The swallowing of foreign objects accounted for only 6 percent of all poison control calls concerning children under 6 in 2015. But in that group of objects, tiny button batteries, which are often used in hearing aids, watches, and even some toys, are especially worrisome. According to the nonprofit Safe Kids Worldwide, more than 2,800 kids a year in the U.S. are treated in emergency rooms after swallowing these nickel-sized batteries.
“Button batteries can be deadly to anybody that swallows them,” says Ruck. They can become lodged in children’s throats, posing a choking hazard. And if the chemicals inside the batteries leak out, they can damage the esophagus, causing bleeding and other tissue injury.
Children who have a button battery stuck in their esophagus may lose their appetites, or have vomiting, nausea, coughing, wheezing, or fever.
Protect and prevent: Make it your business to know which household products contain button batteries. Ensure that they can only be opened with a screwdriver or are similarly secure. (Duct tape can help, but may not completely deter a curious kid.)
Store any unused batteries where kids can't access them and dispose of used batteries right away. Don’t put new batteries into a product in front of children. If your child uses a hearing aid, purchase one that has a child-resistant battery compartment.
Laundry Detergent Pods
Young children may try to eat these small, brightly-colored pods, which are filled with highly concentrated laundry detergent. “To a toddler, they look like candy,” Baum says.
The soft plastic-coated pods can cause vomiting and breathing problems if swallowed, and chemical burns if toddlers get the fluid inside the pods in their eyes.
Calls to poison centers about these pods seem to be on the decline, since more rigorous safety standards went into effect at the end of 2015. (There were 12,594 reports of young children exposed to the pods in 2015, and 11,528 exposures in 2016.)
But they remain a significant problem, say experts. By the end of February of this year, U.S. poison centers had already received 1,558 calls about children exposed.
Protect and prevent: Consumer Reports recommends that families with children younger than six avoid laundry pods altogether, and we don't include them in our list of recommended detergents. If you do use them, keep pod containers closed, and store them up high and out of reach of kids.
The liquid nicotine in electronic cigarettes can cause nausea and vomiting in children who swallow it, according to AAPCC.
And the numbers of young kids getting their hands on e-cigs appears to be on the rise.

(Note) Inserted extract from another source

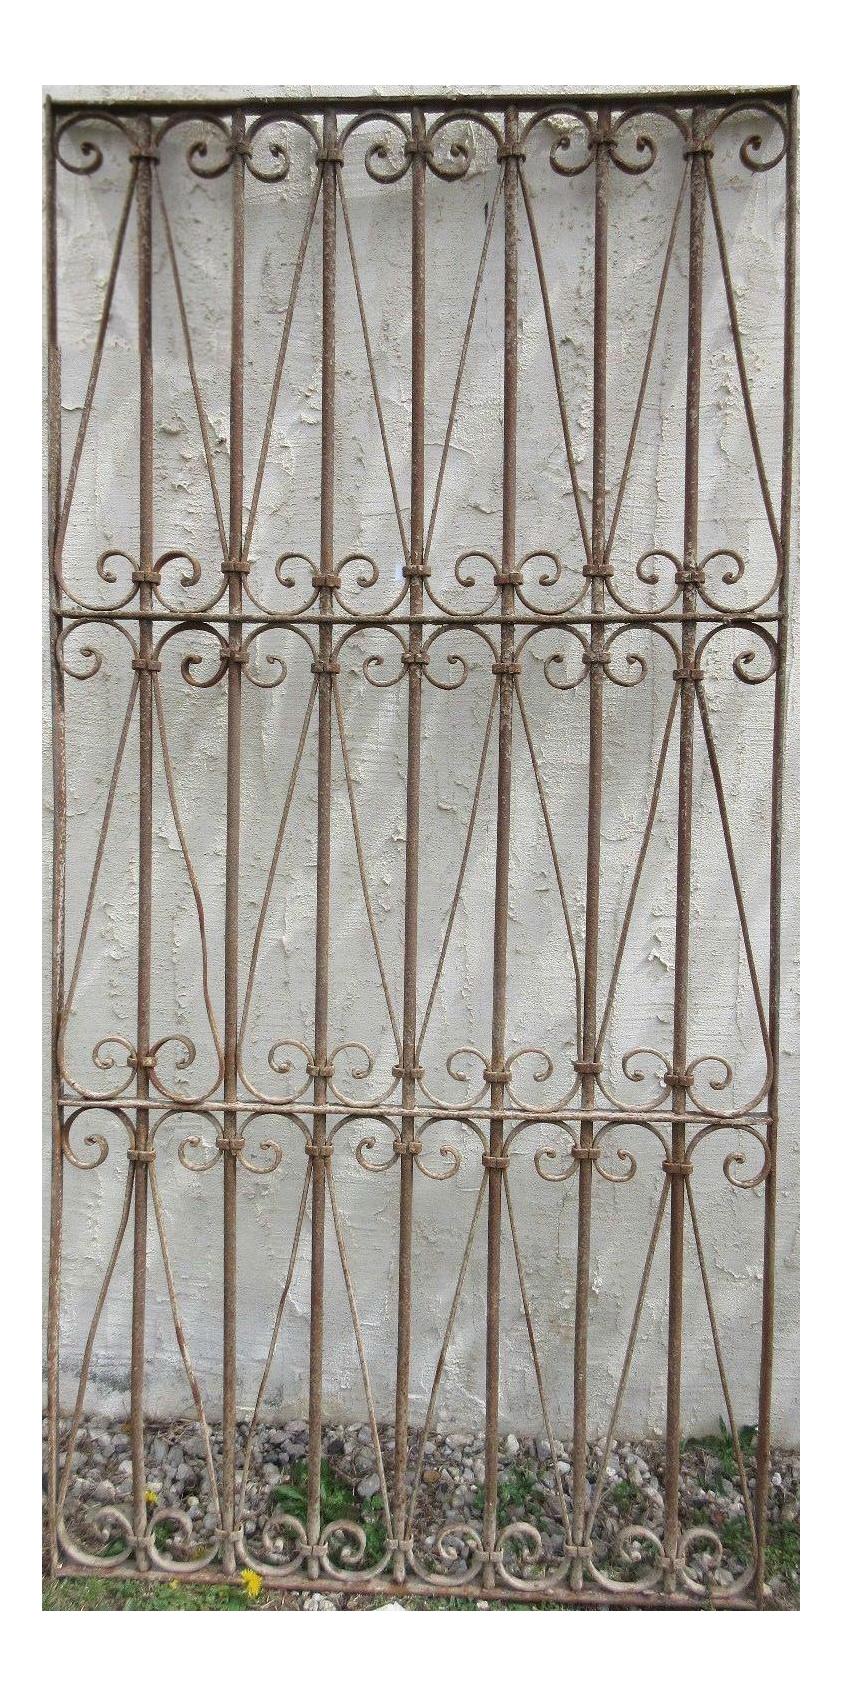 Antique Victorian Iron Gate Window Garden Fence Architectural

A 2016 study in Pediatrics found that back in January of 2012, only 14 children below the age of six had reported e-cigarette exposures. In April 2015, that number was 223.
The biggest threat, according to Bruce Ruck, Pharm.D., managing director of the New Jersey Poison Information and Education System, are the containers of liquid nicotine used to refill e-cigs.

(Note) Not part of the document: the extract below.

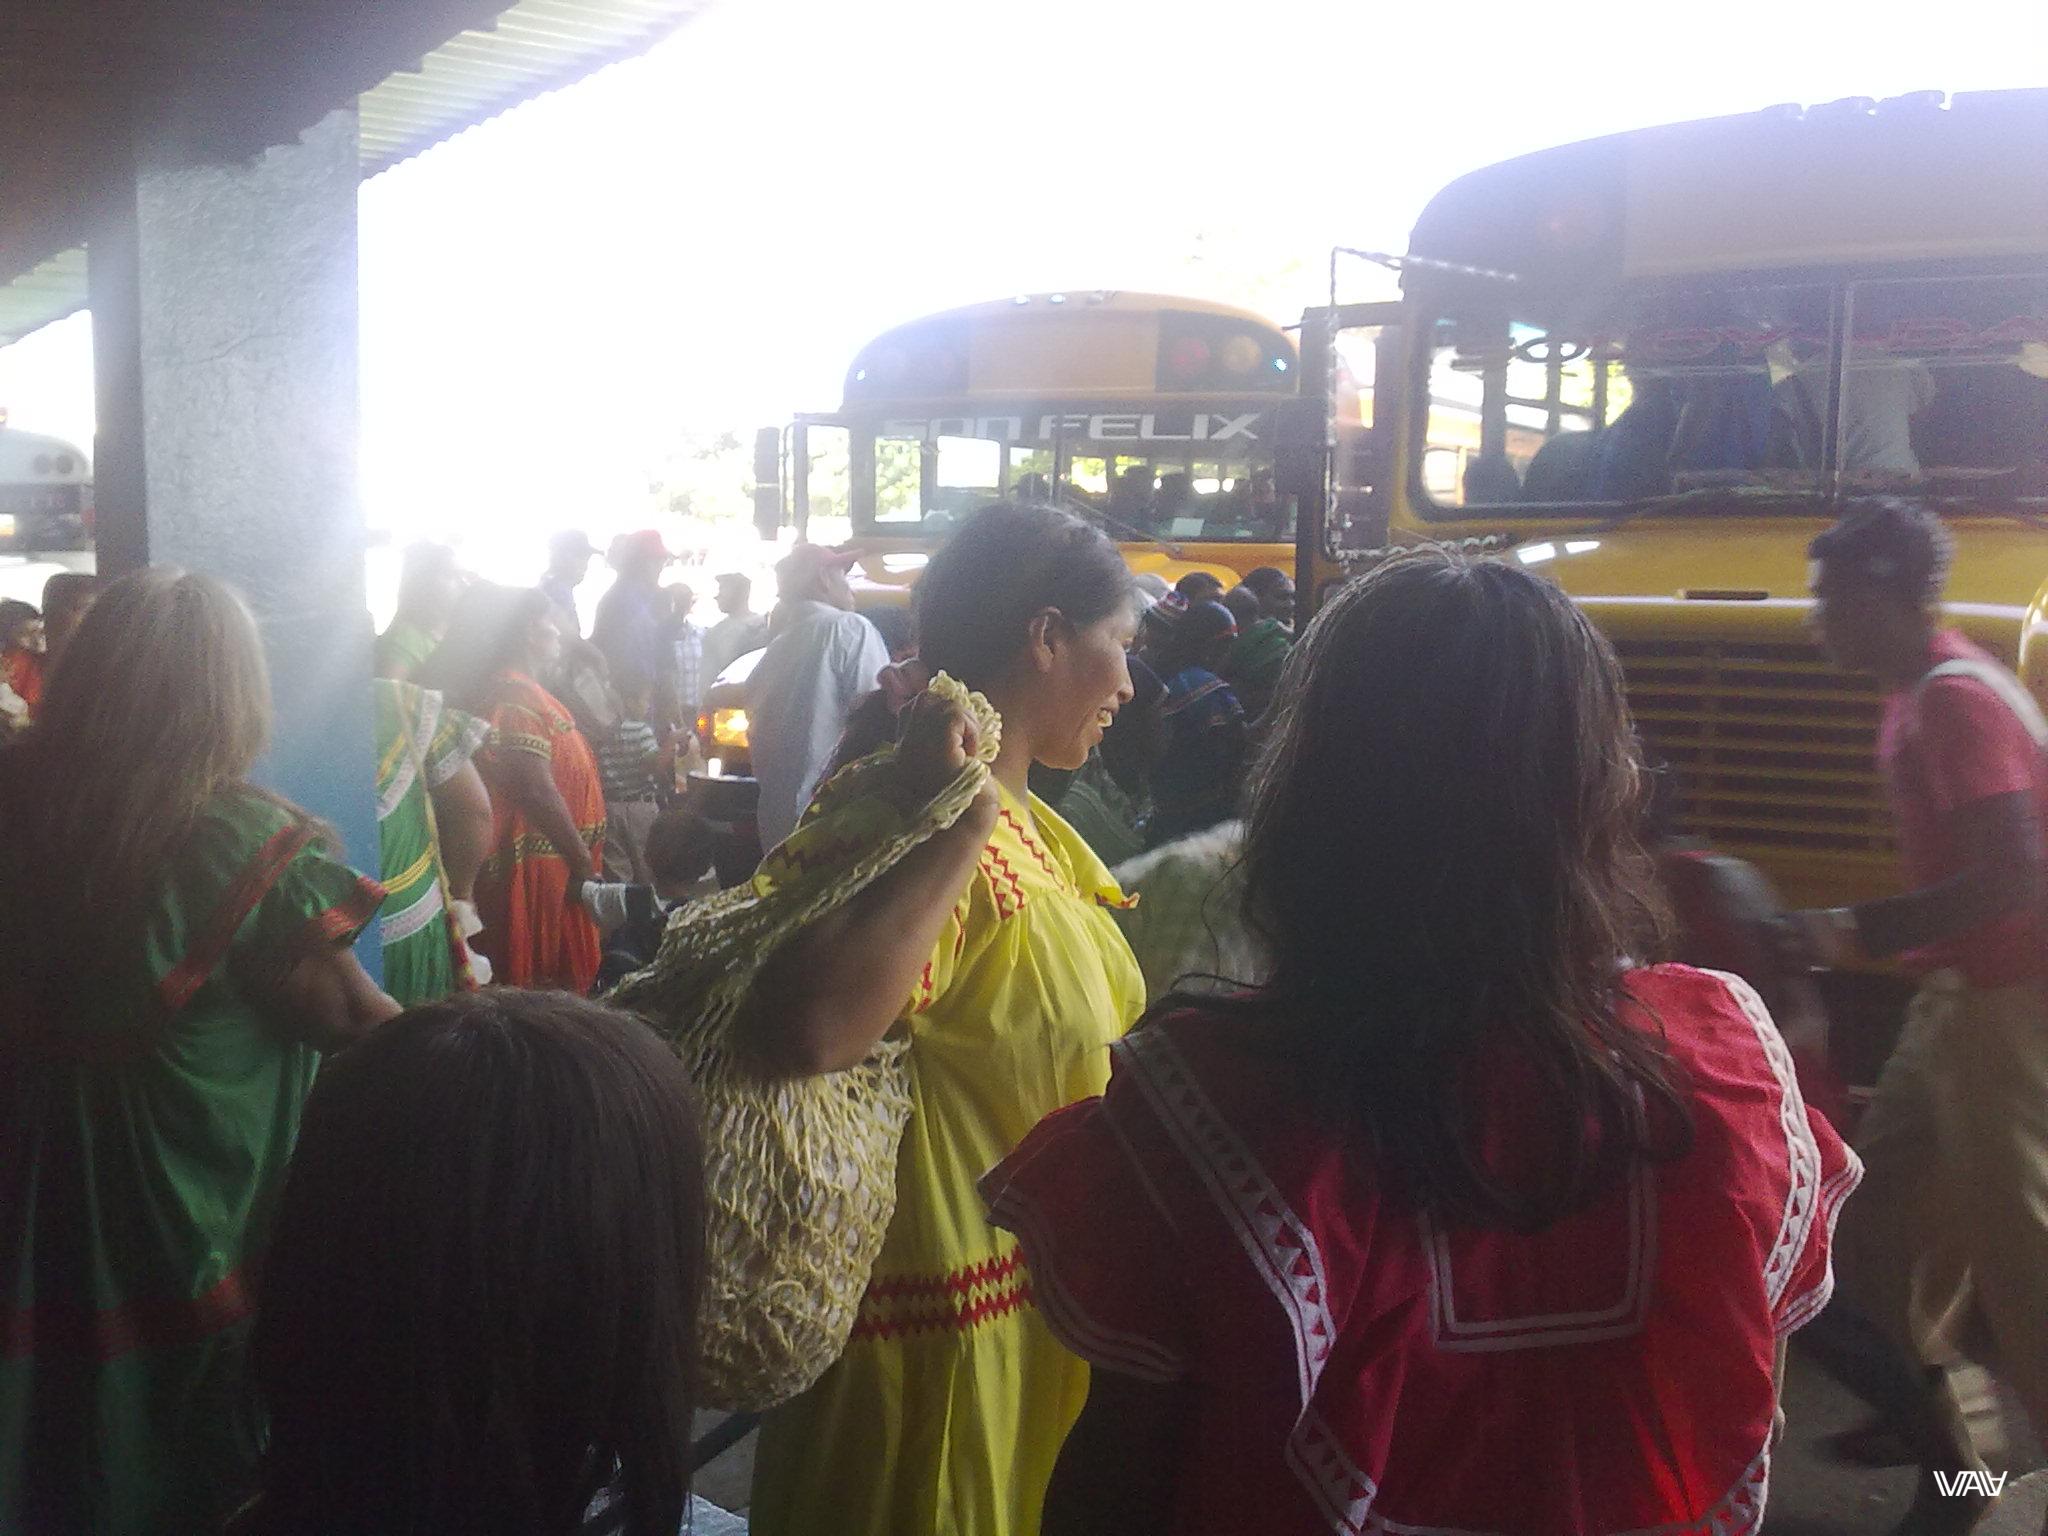 Обожаю светящихся счастьем и жизнерадостностью людей! Автовокзал города Давид, Панама

Parents may accidentally leave used containers—which are often not child-resistant—out where kids can access them. But they may still contain residual nicotine fluid, and in flavors like bubble gum, that appeal to kids.
Protect and prevent: Keep electronic cigarettes and liquid nicotine locked away and out of reach of kids. Never refill e-cigs in front of children. Dispose of empty nicotine containers in a receptacle children can't access.